**Source data:**

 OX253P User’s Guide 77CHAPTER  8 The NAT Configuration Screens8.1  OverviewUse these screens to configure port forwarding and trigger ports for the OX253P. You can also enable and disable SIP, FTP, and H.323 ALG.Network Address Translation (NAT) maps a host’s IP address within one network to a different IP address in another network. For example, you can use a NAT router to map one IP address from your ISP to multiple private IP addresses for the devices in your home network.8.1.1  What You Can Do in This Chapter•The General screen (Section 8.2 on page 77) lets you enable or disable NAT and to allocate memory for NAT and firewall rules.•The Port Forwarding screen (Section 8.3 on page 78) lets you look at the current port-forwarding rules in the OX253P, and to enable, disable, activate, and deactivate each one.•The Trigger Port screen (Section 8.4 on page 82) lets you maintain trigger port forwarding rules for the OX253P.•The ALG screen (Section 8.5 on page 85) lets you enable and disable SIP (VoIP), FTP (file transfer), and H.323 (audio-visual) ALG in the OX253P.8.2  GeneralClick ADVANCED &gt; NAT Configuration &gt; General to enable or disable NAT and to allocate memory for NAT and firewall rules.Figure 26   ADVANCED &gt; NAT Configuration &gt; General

* * *

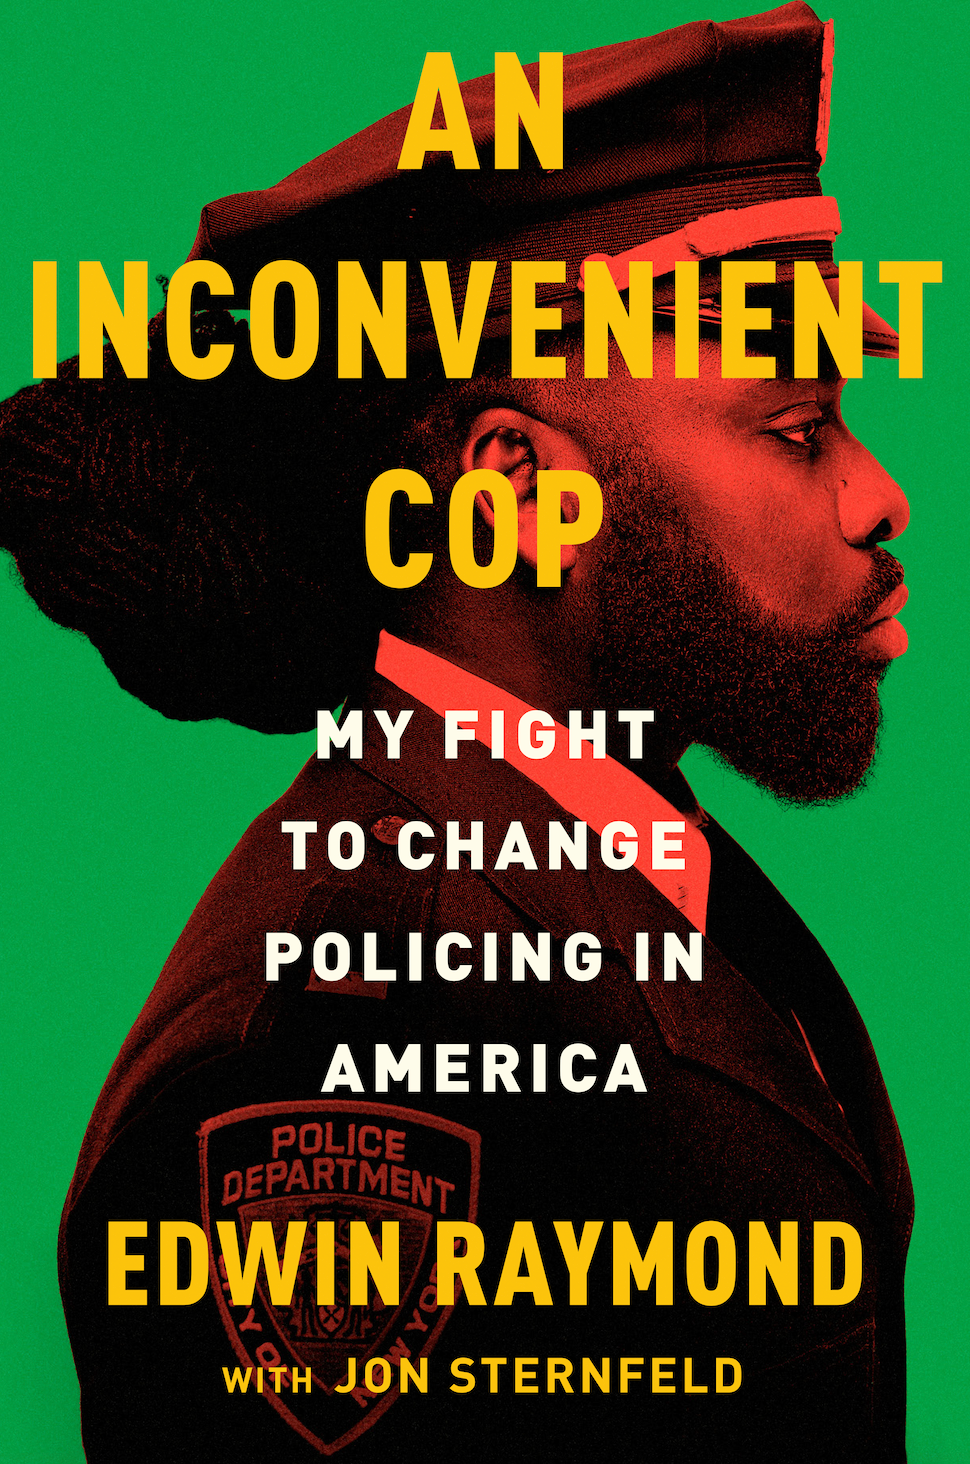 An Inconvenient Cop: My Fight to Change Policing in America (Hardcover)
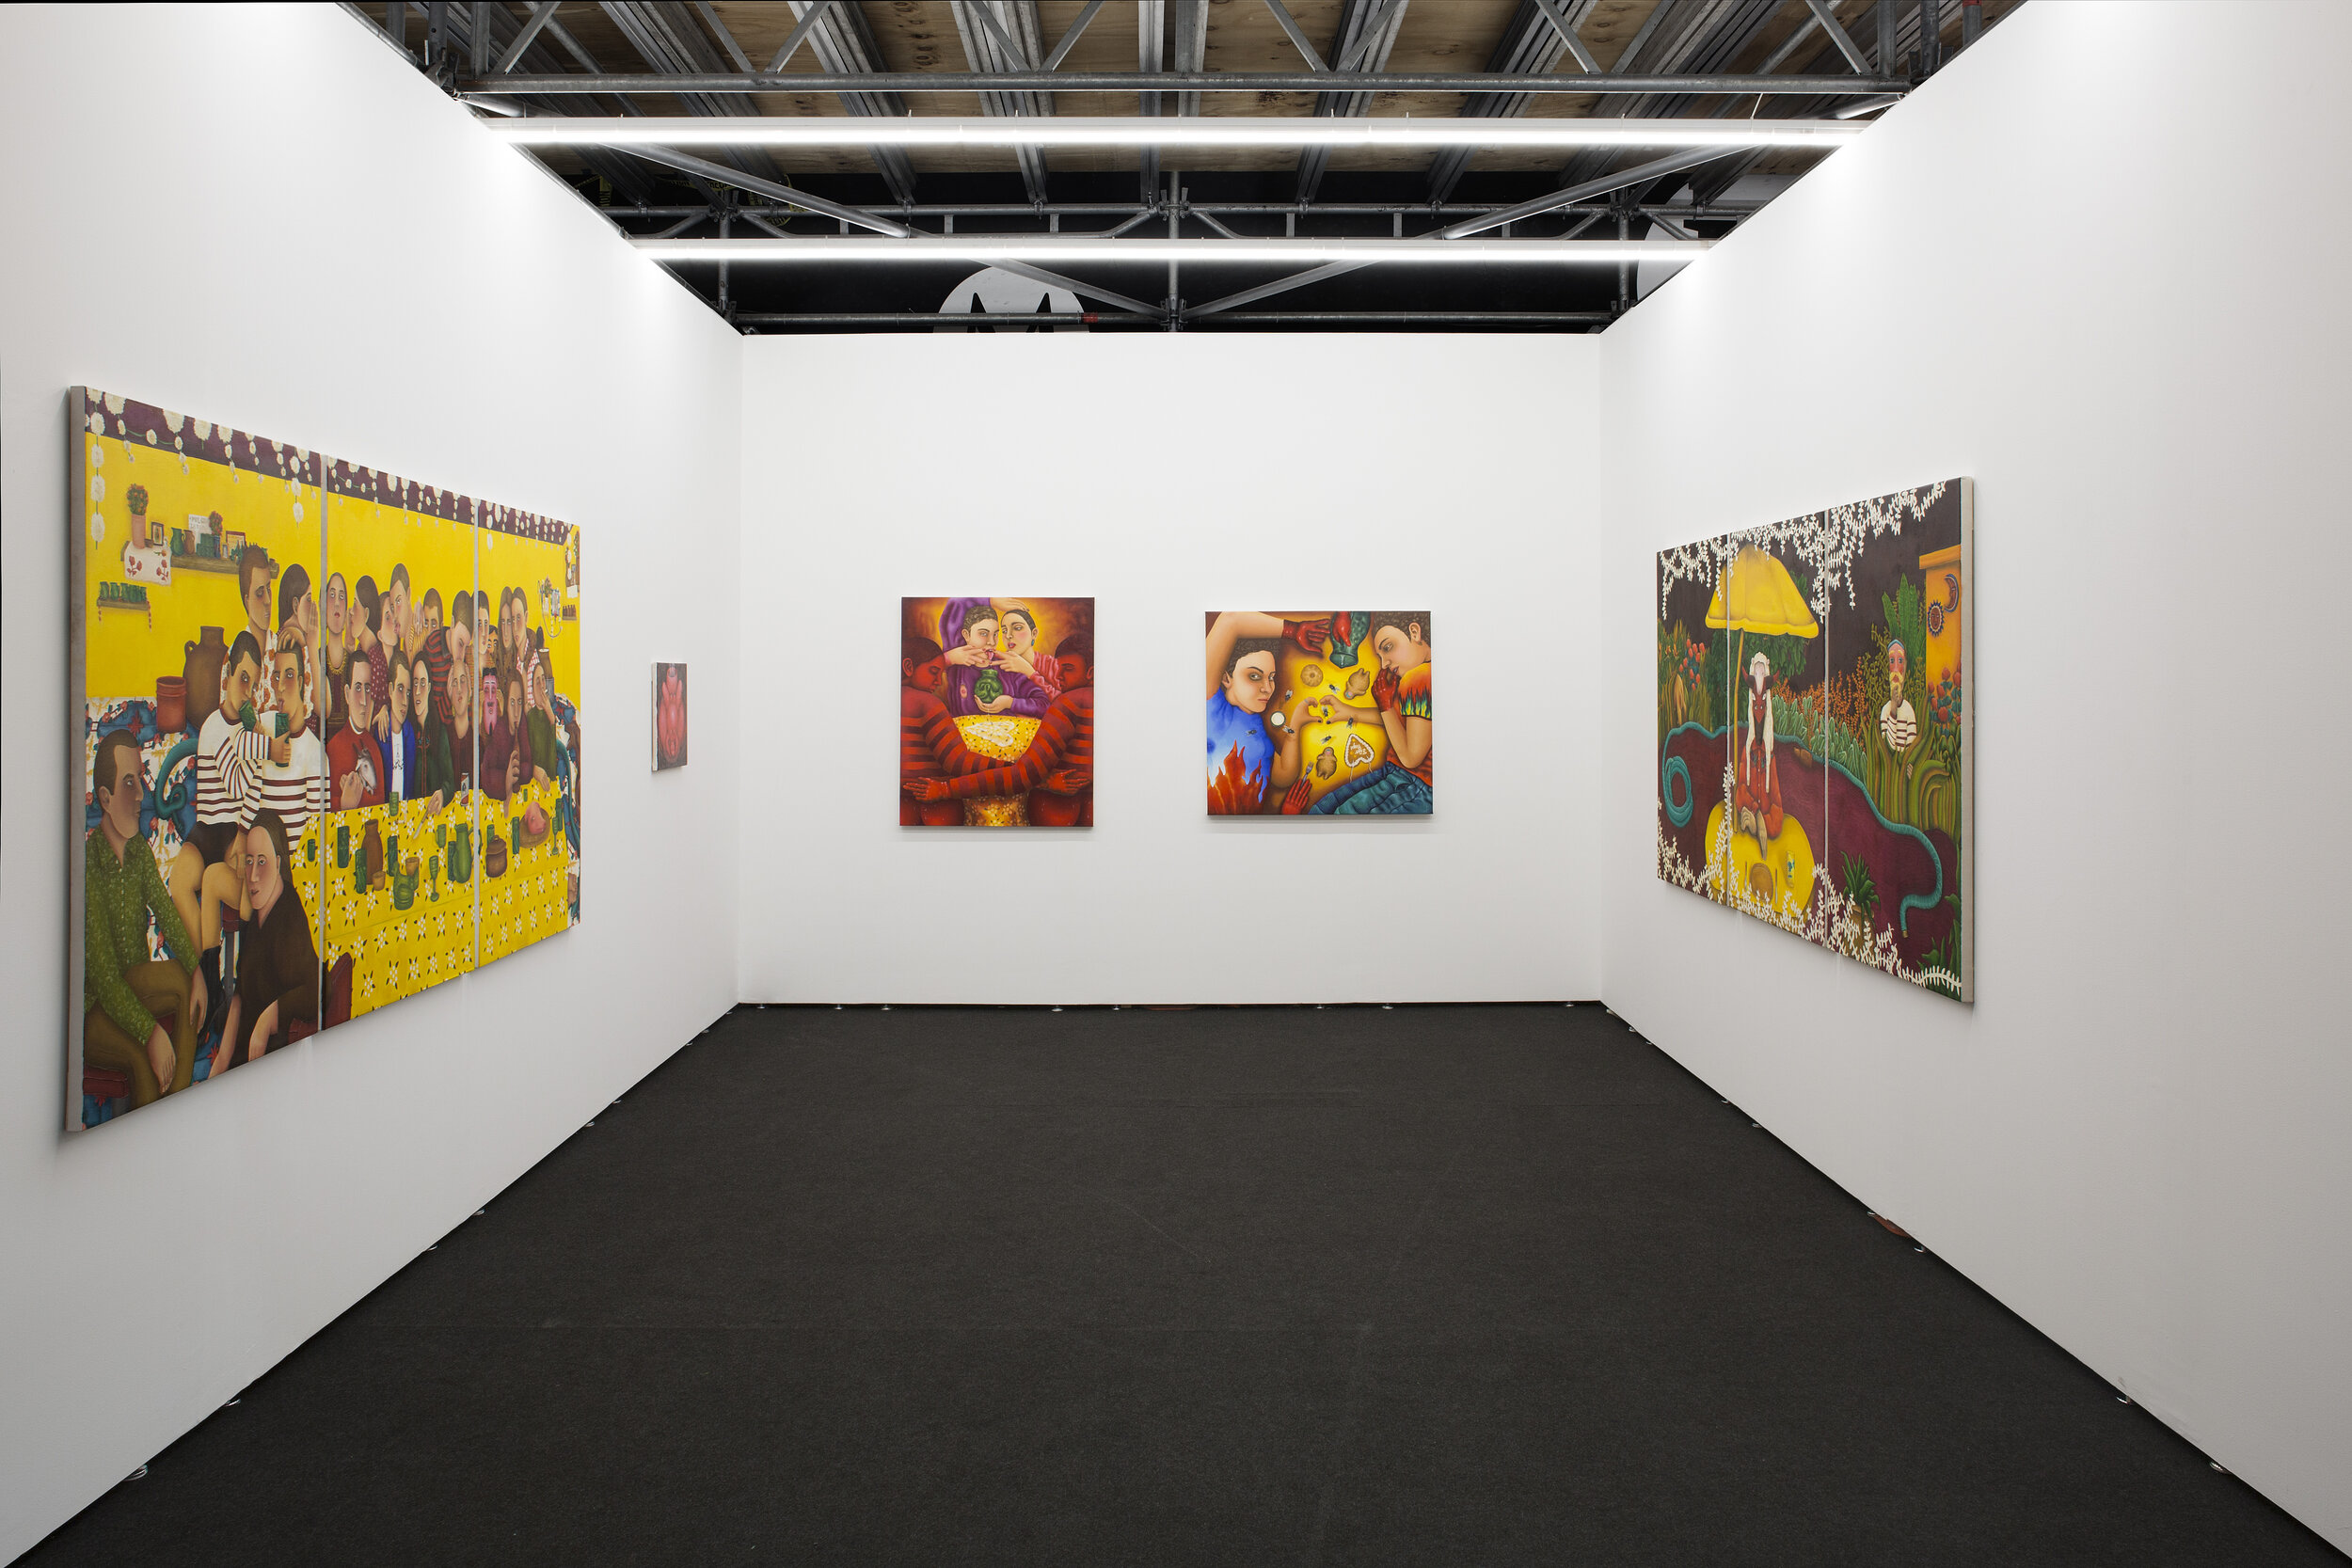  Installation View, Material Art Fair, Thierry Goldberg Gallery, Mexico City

**Exercise brief:** Above are entries with pictures among them. Write out exactly the lines from the one containing "An Inconvenient Cop: My" through the one containing "Installation View, Material", ends included, and leave those pictures out.

**Task answer:**
 An Inconvenient Cop: My Fight to Change Policing in America (Hardcover)
  Installation View, Material Art Fair, Thierry Goldberg Gallery, Mexico City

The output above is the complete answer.